Let’s look more into that, and how your discovery pretty much saved your life.

Assuming the best in the narcissist
Sadly, if you live in this world, you’re living in a world full of narcissists who make that impossible.
The best doesn’t exist, and the worst can become unimaginable if you get to know them long enough.
It’s what we all want to do in life, isn’t it? Whoever we meet, we want to assume they’re all good people, with intentions equally as good.
When you’re getting to know anybody new, you want to think they’re in your life honestly, and without agenda.
Living to the beat of their drum
As it goes, getting to know the narcissist means you quickly start dancing to the beat of their drum.
Whatever they say, goes. Whatever they want, you do to please them and keep them happy.
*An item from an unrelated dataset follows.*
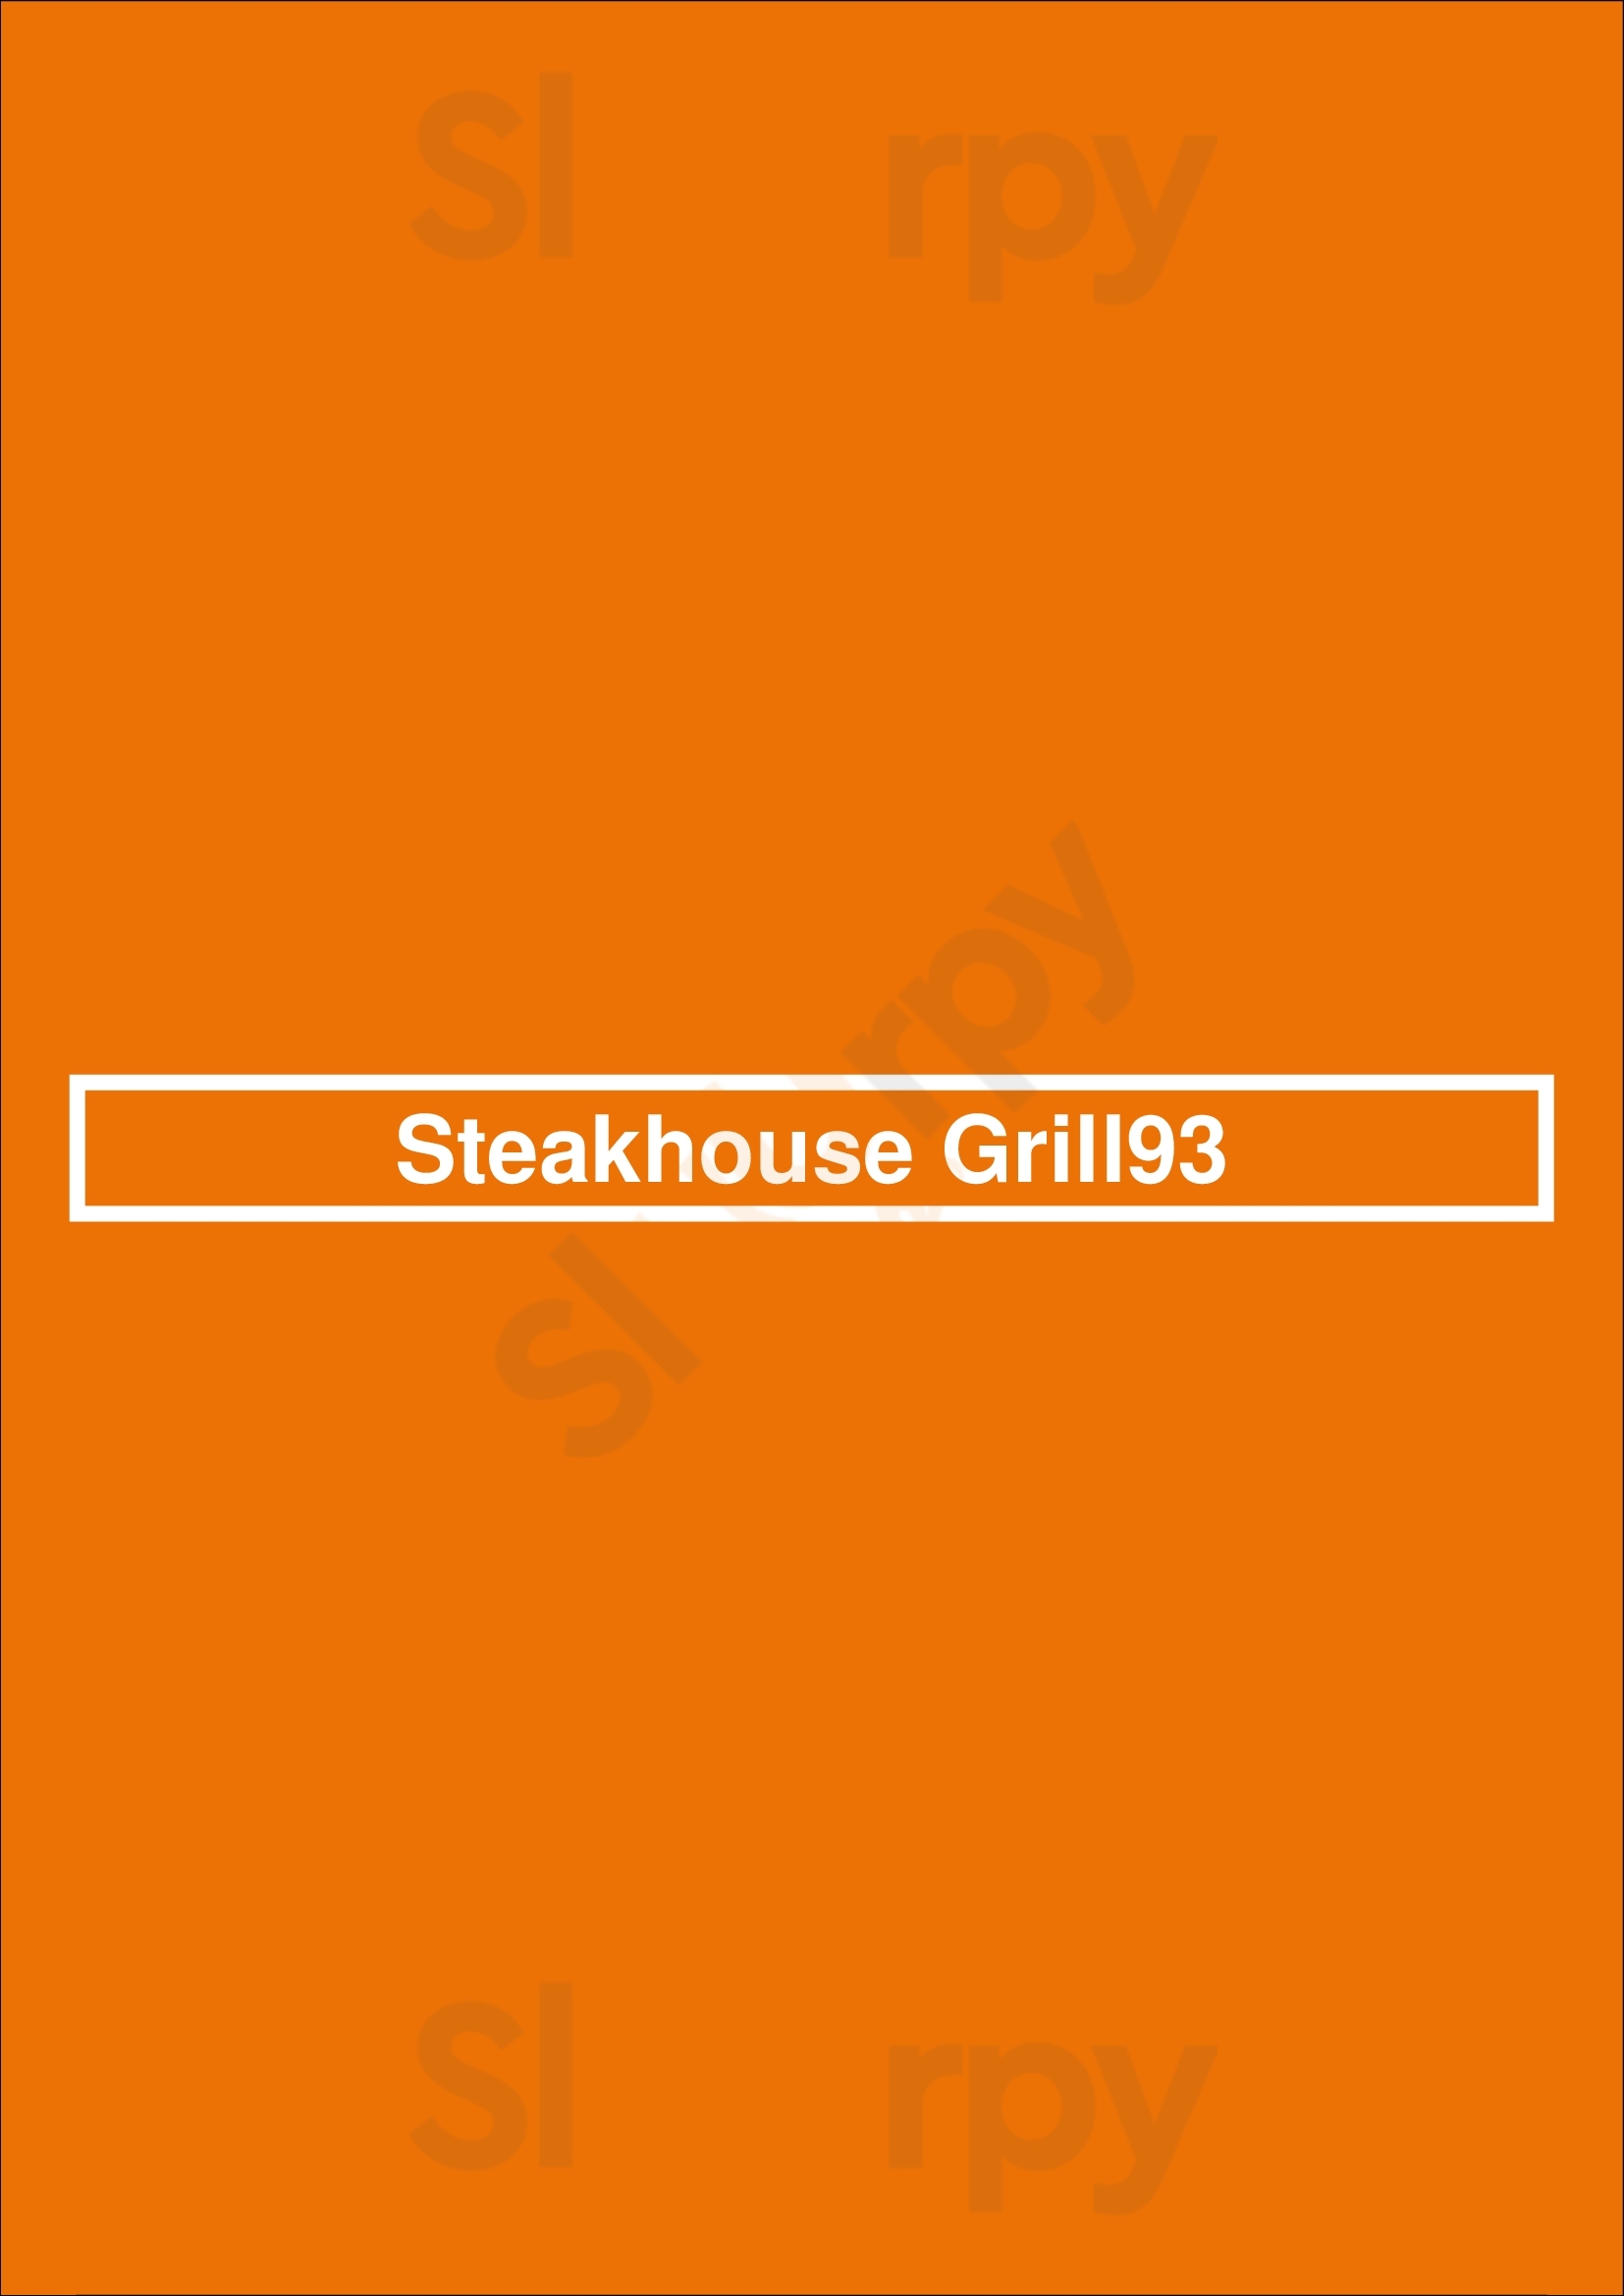 Steakhouse Grill93 München Menu - 1

You don’t like the idea of letting them down, so you sacrifice a lot of your character and nature just to prioritize them.
They don’t seem happy about it though, and even when you try your best, it’s never good enough.
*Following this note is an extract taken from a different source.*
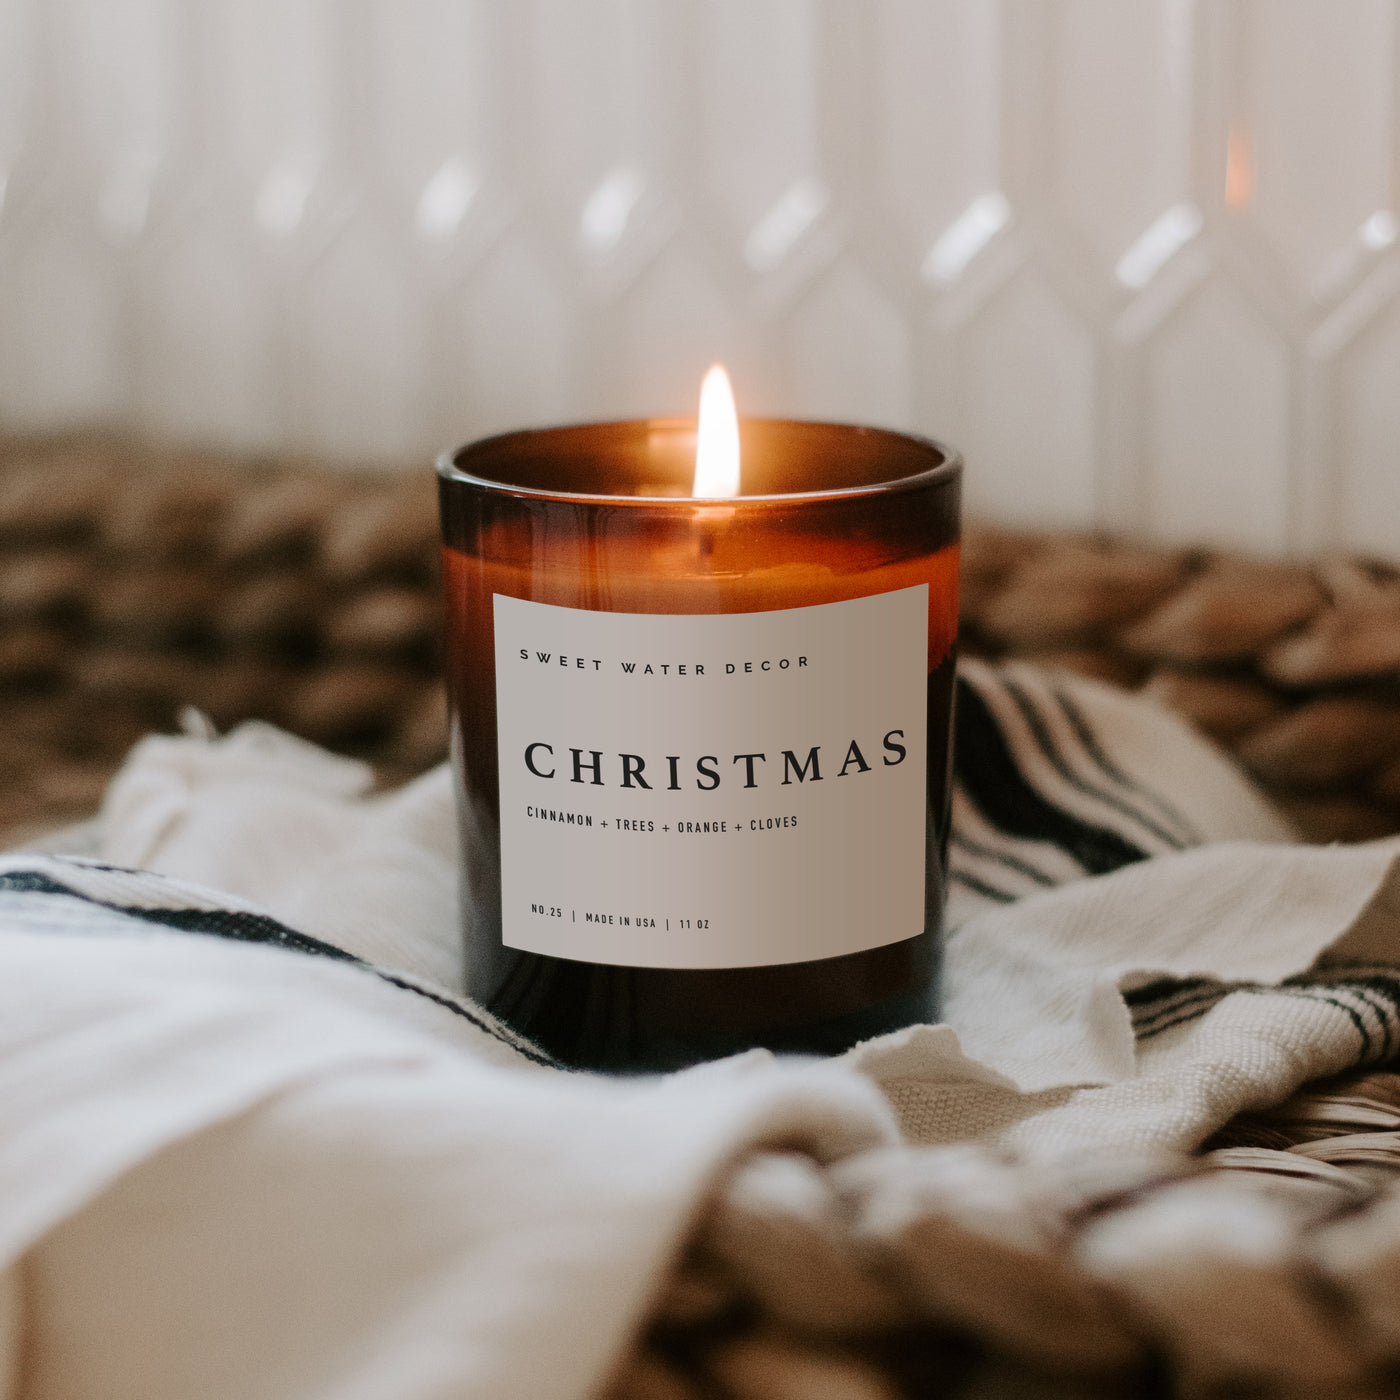 Christmas Soy Candle - Amber Jar - 11 oz

So much time can go by living like this, and as a result, so many of their lies can slip under the radar and go undetected.
Discovering the truth
Then one day, it happens. The truth is discovered. You might think, “What truth would that be?” In reality, it can vary.
- Discovering an affair
- Realizing they were living a double life
- Unravelling huge debts
- Hearing that they are inappropriate at work
- Putting two and two together and realizing that you are loving and living with a narcissist
Whatever that truth is, one day it all slots together and makes a heap of sense to you.
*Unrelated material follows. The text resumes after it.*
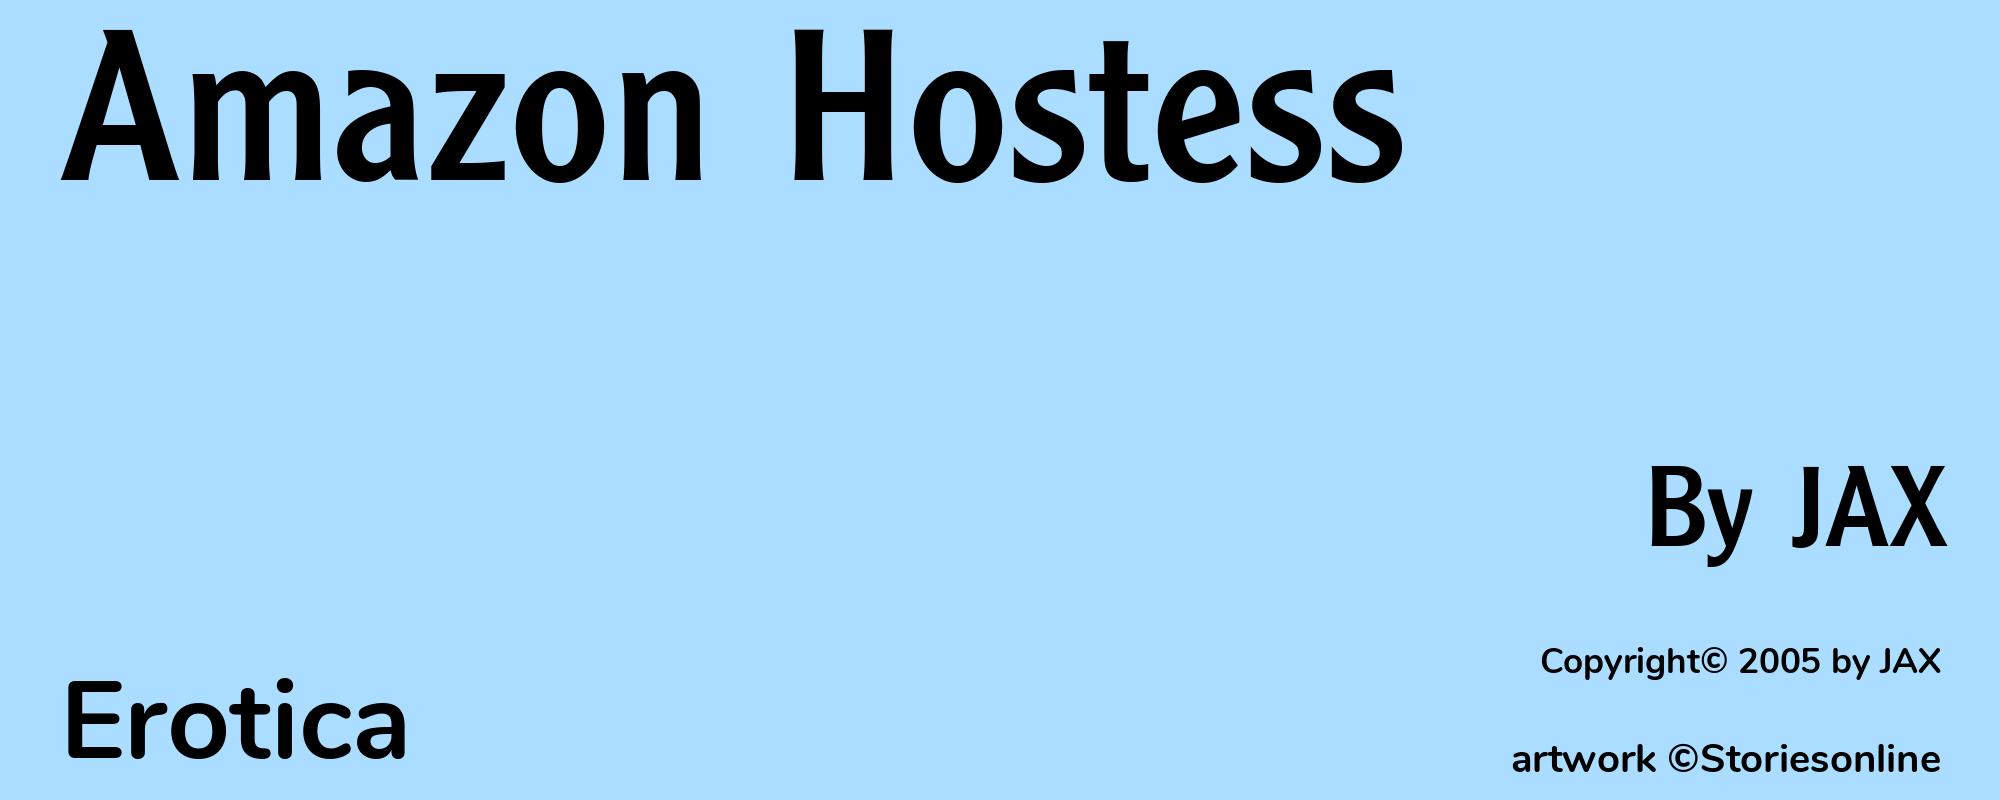 Amazon Hostess - Cover

What do you do with it? Unsurprisingly, your whole world will change in an instant.
You will look back on your past with the narcissist and not be able to see any of it under the right lens.
It will all feel like a lie, and that’s because it was.
It’s a lot to get your head around, and it’s a lot to grieve. I don’t care what some people may say, all grief is important, even this.
You’ll find you suddenly have no direction, and you feel lost. Your faith in people as a whole will disappear for a while.
Who can you trust? Does anybody really mean anything they say?
The answer is yes, there are plenty of kind, compassionate, honest and loyal people in the world.
When you aren’t surrounded by any or even many of them, you will assume they are an existent species.
Discovering the truth behind that narcissist is now the catalyst for you to heal and become somebody you always wanted to be, but that can only happen in time, with patience, and at your own pace.
But let me tell you, the one good thing about discovering the truth is that it stops the narcissist from lying any more.
What the truth means for you
As much as you might not think so, the truth is about you beginning to see what you’ve been through all this time.
It’s like a door opens, and out pours all this information that suddenly starts to make so much sense.
You piece the puzzle together, knowing you’ve been lied to for a very long time.
You think about all the little moments you were looked in the eye and told lies, only to then picture yourself at the time and see the face of somebody who wanted nothing but truth.
It all comes from wanting to see the good in people, including the narcissist.
Whatever you discovered that led you to know the narcissist was a narcissist, and full of lies, is going to likely haunt you for quite some time. I’d say that’s fairly normal, after all, it’s one heck of a curveball to be given.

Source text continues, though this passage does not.